Discs that fragment in an open area, convert their circular energy into linear velocity every time they touch the ground. It is not unexpected for parts of a green-waste shredder disc to travel for a km or more. The fragments will cut through motor vehicles and climb over more solid objects.

The worst case for a disc is worse than you might at first expect.

14. Sep 24, 2013

### Q_Goest

It's been a while since I used this so please bear with me. I believe you are referencing equation 5 in that paper. That's the total energy after impact for the 2 parts; the projectile and the portion of the wall that's impacted as discussed in the paper. Some of the initial energy of the projectile is lost as is discussed in the paragraph immediately preceding this equation in the form of heat. Note that momentum is conserved which is how that lost energy is determined. This is "stage 1".

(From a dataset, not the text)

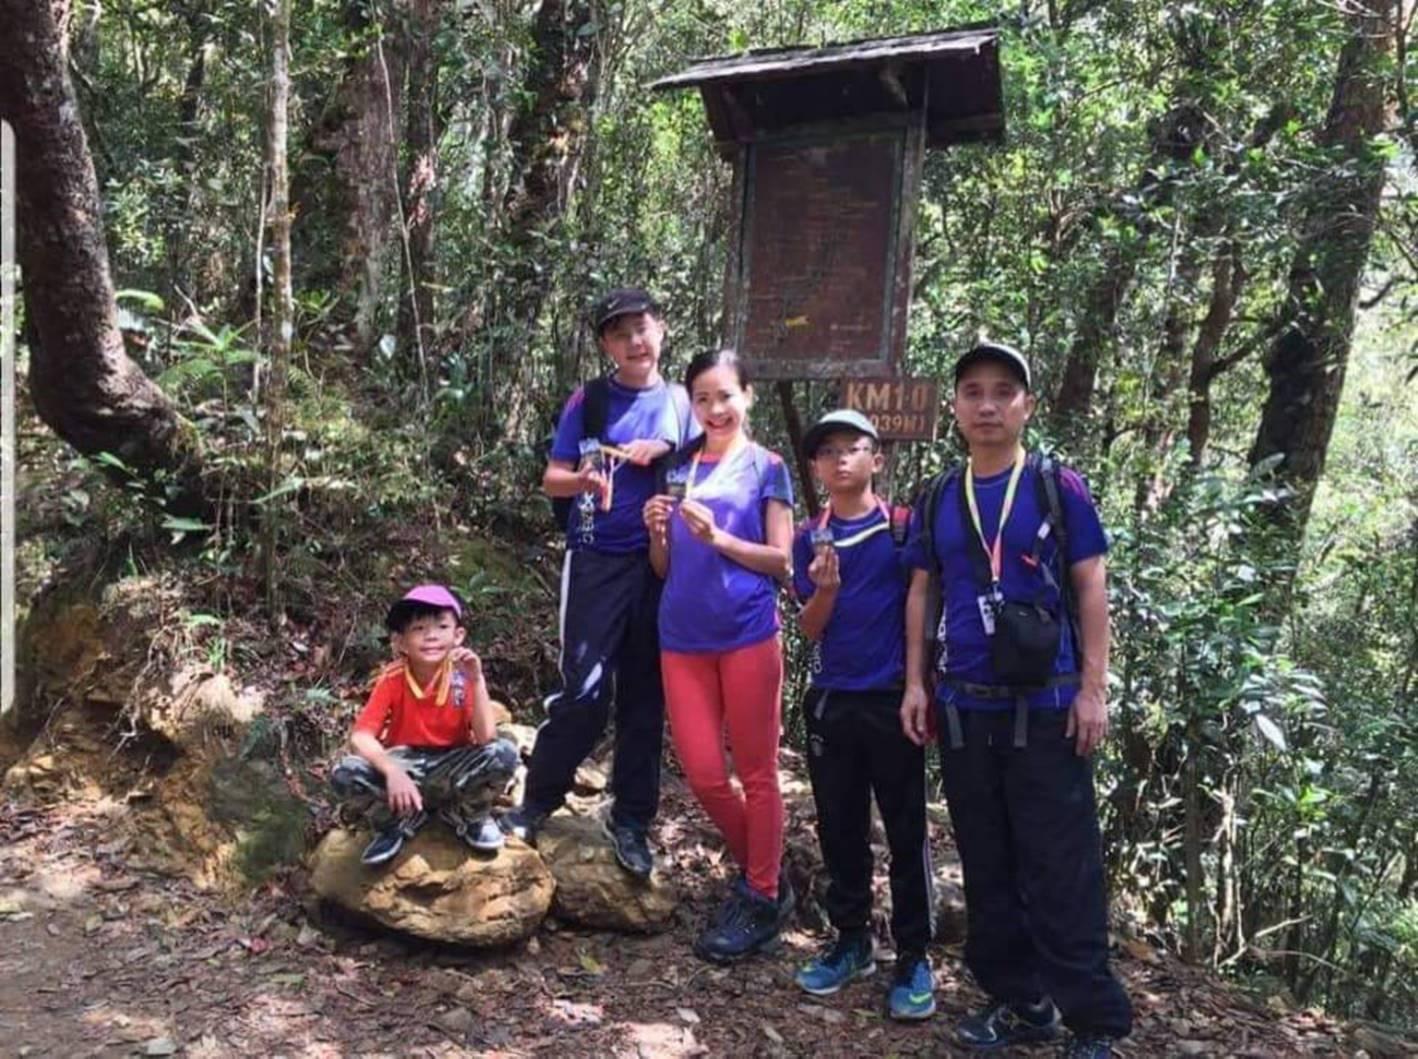 Bà mẹ Hà Nội dạy con theo kiểu nhà binh: Sáng điểm tâm nhẹ bằng 10km chạy bộ, trời rét vẫn tắm nước lạnh-5

Stage 2 is next. Once you determine the remaining energy after impact, you determine how much energy can be absorbed by the structure due to deformation of the body the projectile has impacted. So what you calculated determines the remaining energy that must be disipated due to strain and shear in the barrier.

15. Sep 28, 2013

### rollingstein

Does 1.2 mm thick steel have strength sufficient to make a room out of it, forget projectile containment? I was surprised. Just hope it never corrodes a tiny bit even.

16. Jan 10, 2014

### mat123

Hello All,

I am new here...

I would like to know how to calculate the plastic flow stress in the Paper by SANKEY .

What theorem to use for this will be of great help.